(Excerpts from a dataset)
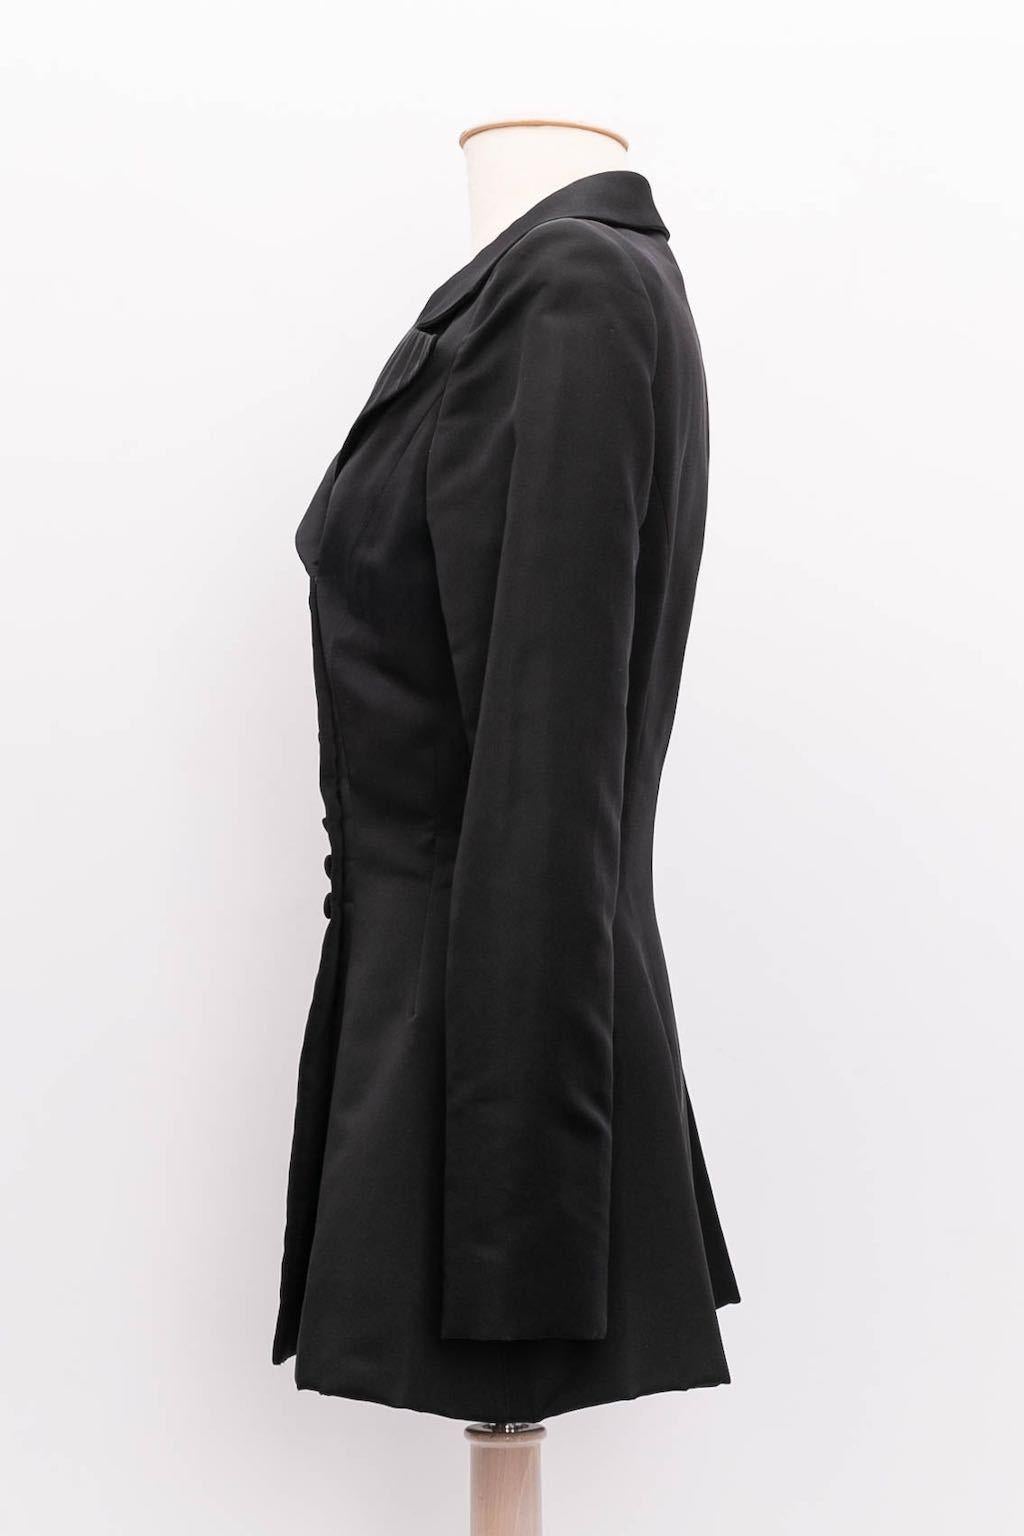 Ted Lapidus Haute Couture - Veste en satin noir avec cinq fausses poches. Pas de composition ni d'étiquette de taille, il convient à une taille 36FR.

Informations complémentaires :
Condit : Très bon état.
Dimensions : Épaules : 42 cm (16.53
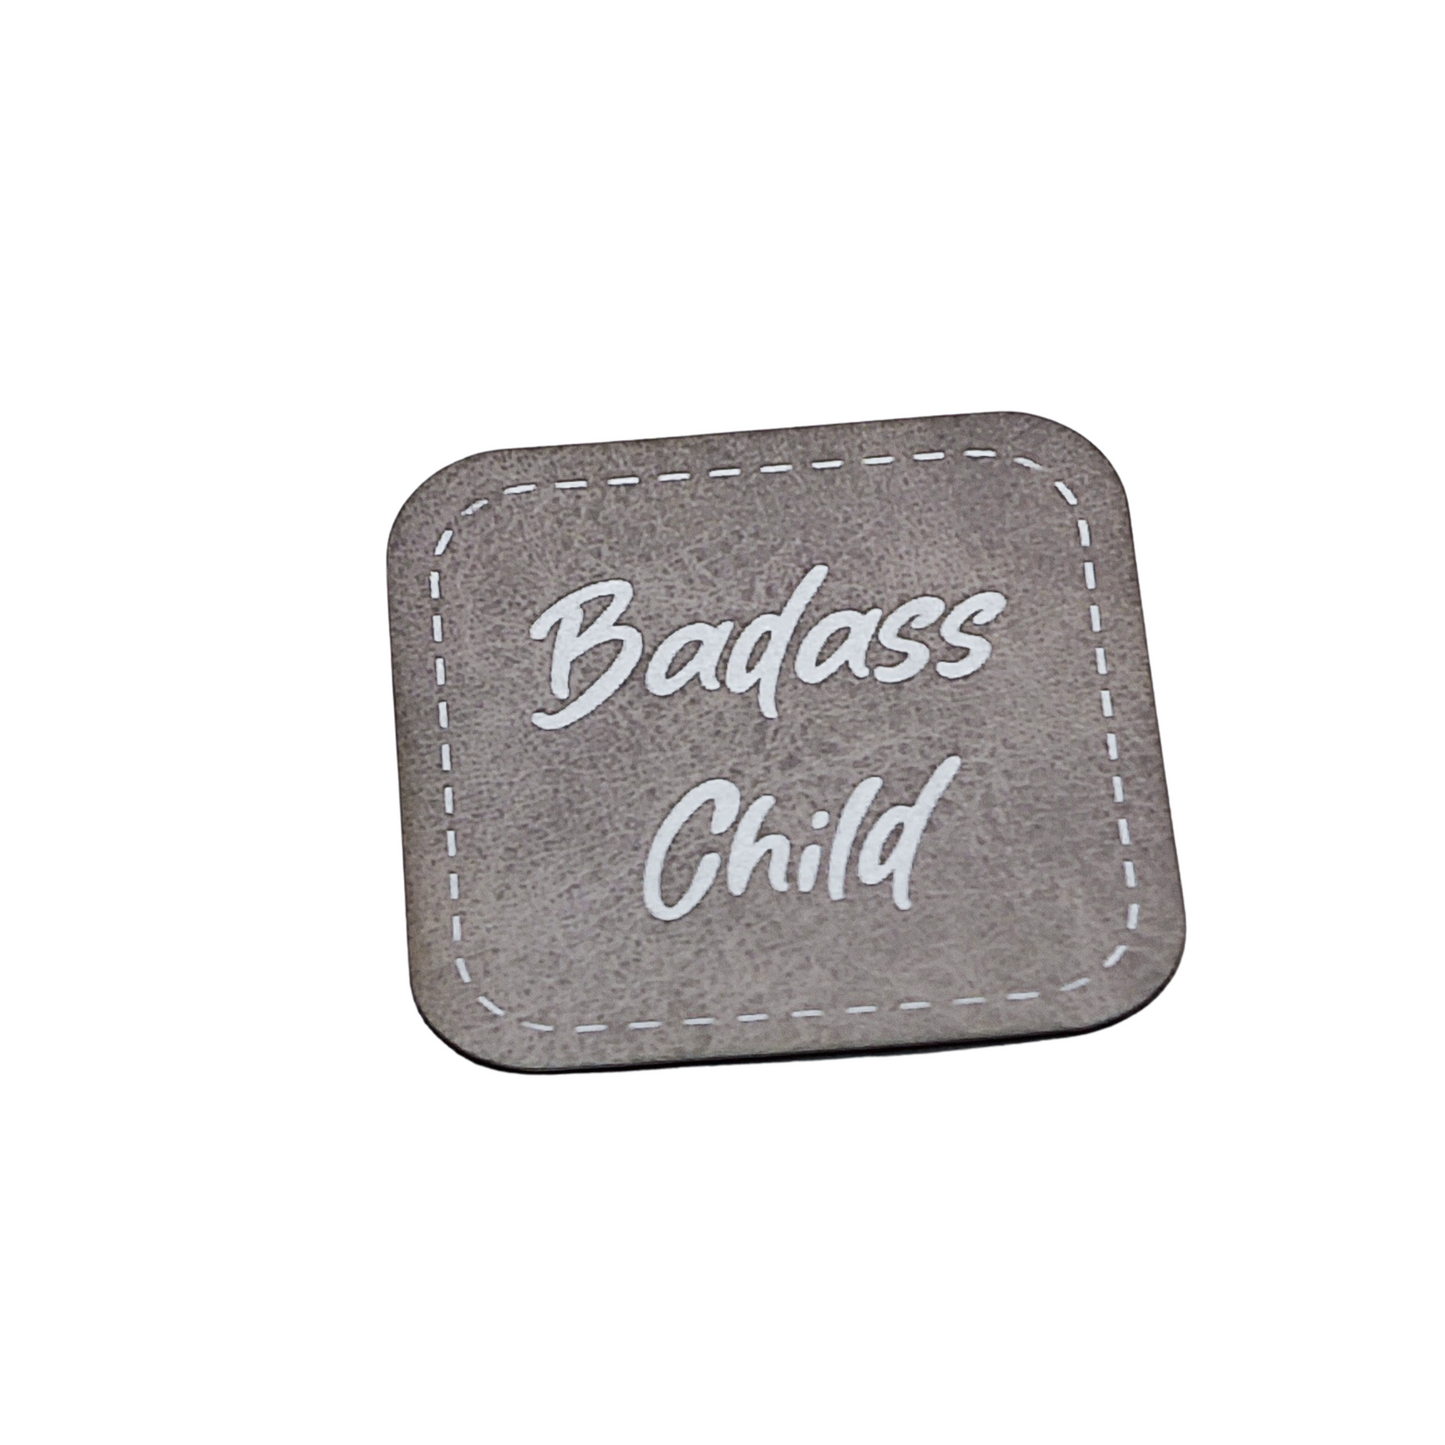 Aufnäher Label CRAZY "BADASS CHILD" grau aus Kunstleder
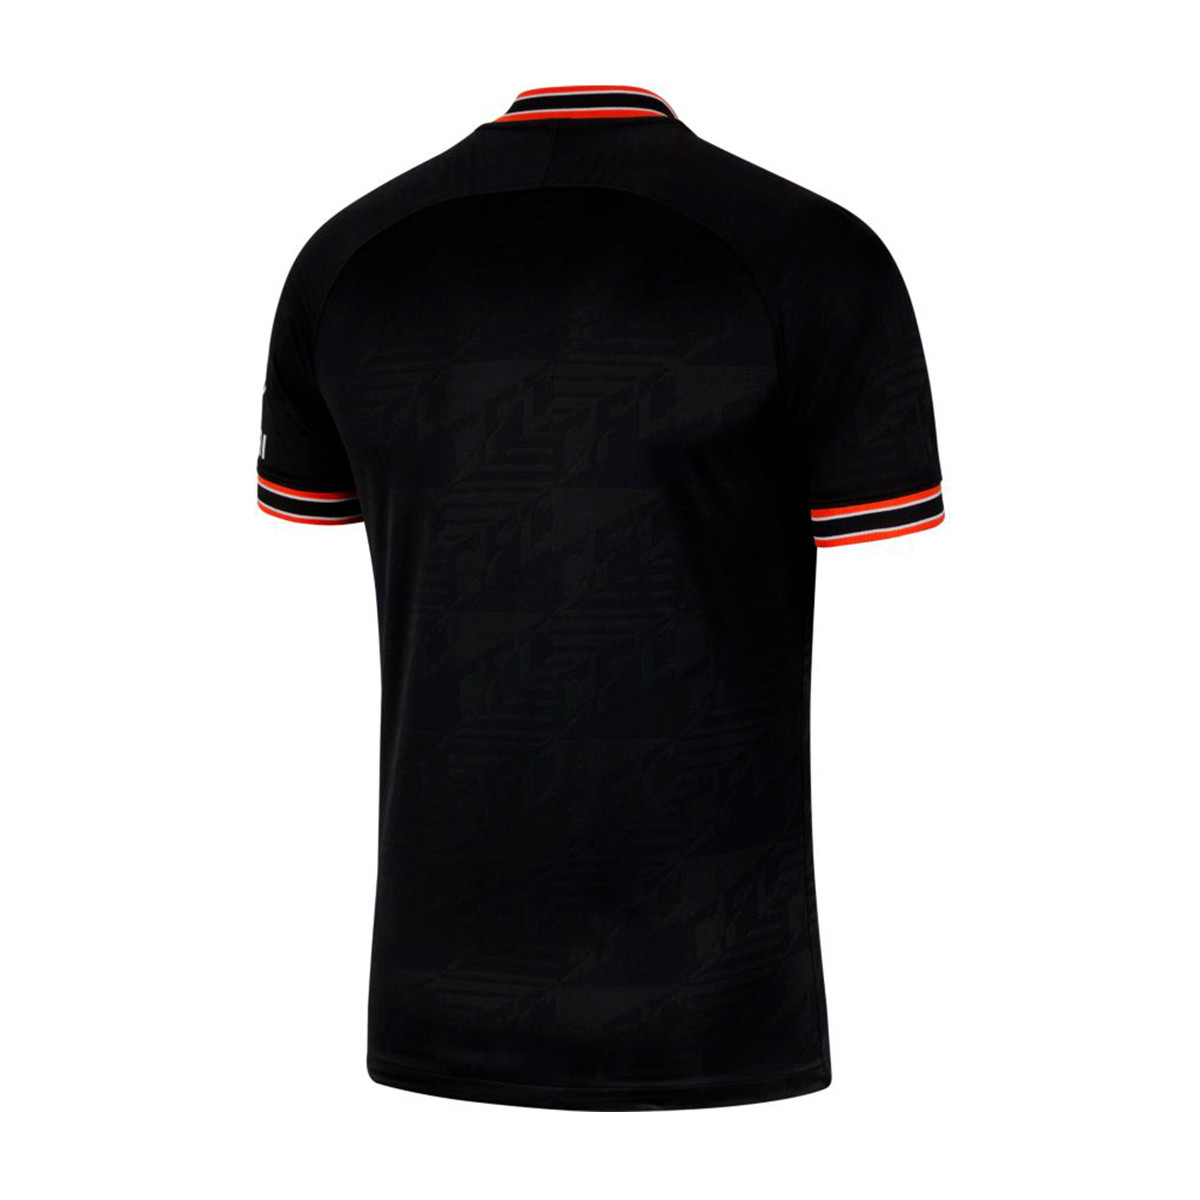 chelsea black jersey 2019
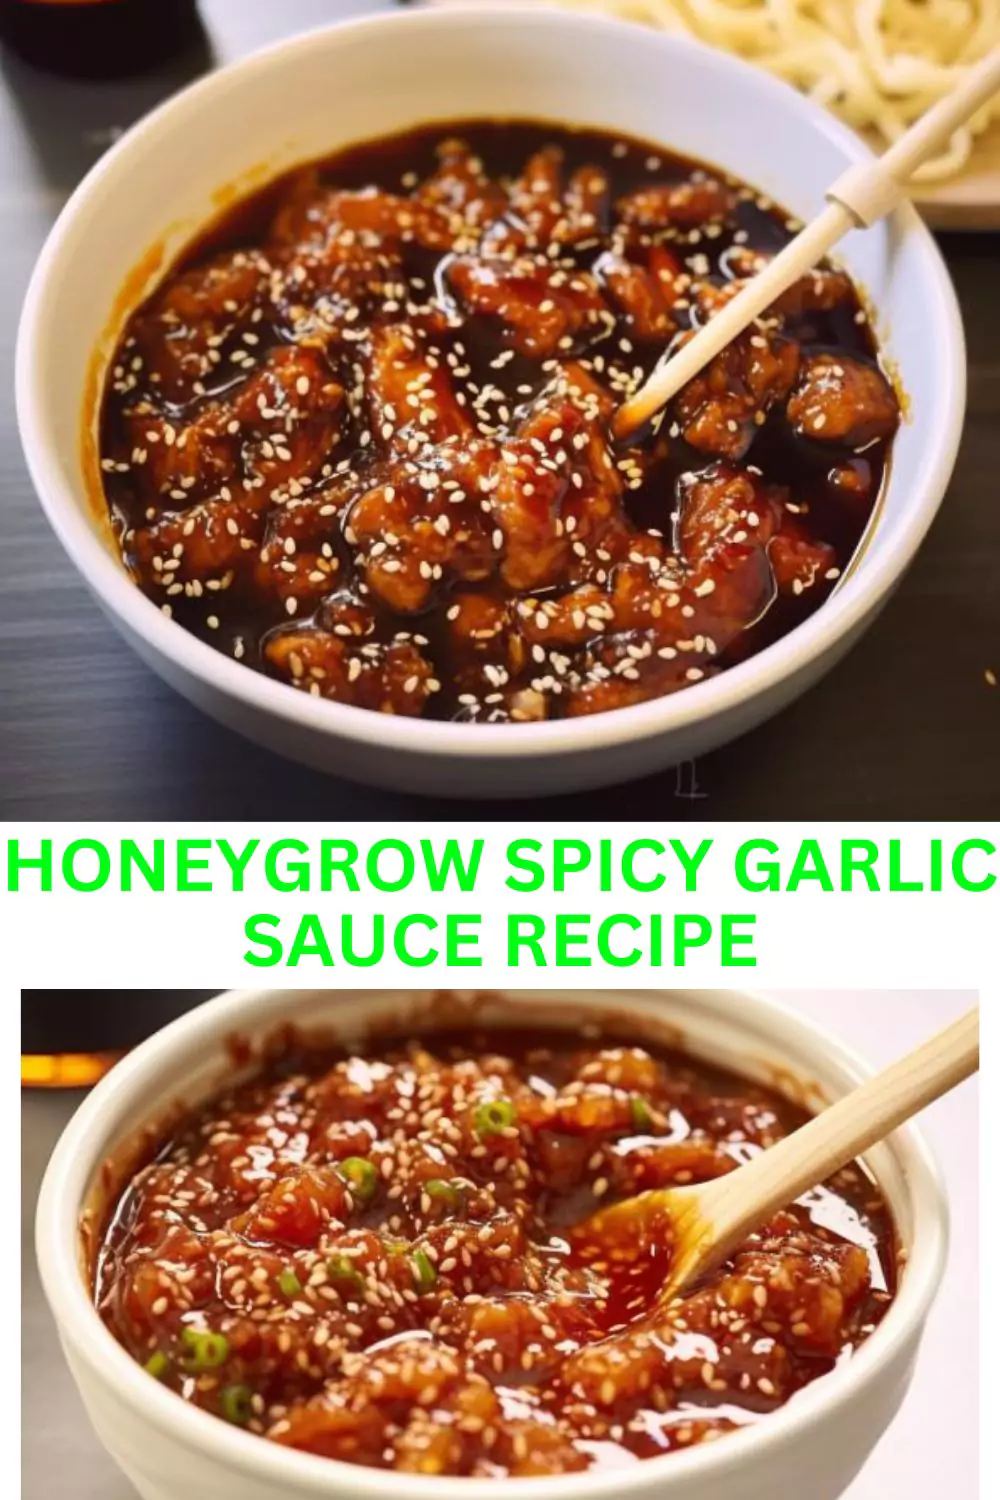 Best Honeygrow Spicy Garlic Sauce Recipe

→ Task description
All of the data is to be returned exactly, with no pictures included.

→ Answer box
 Ted Lapidus Haute Couture - Veste en satin noir avec cinq fausses poches. Pas de composition ni d'étiquette de taille, il convient à une taille 36FR.

Informations complémentaires :
Condit : Très bon état.
Dimensions : Épaules : 42 cm (16.53
 Aufnäher Label CRAZY "BADASS CHILD" grau aus Kunstleder
 chelsea black jersey 2019
 Best Honeygrow Spicy Garlic Sauce Recipe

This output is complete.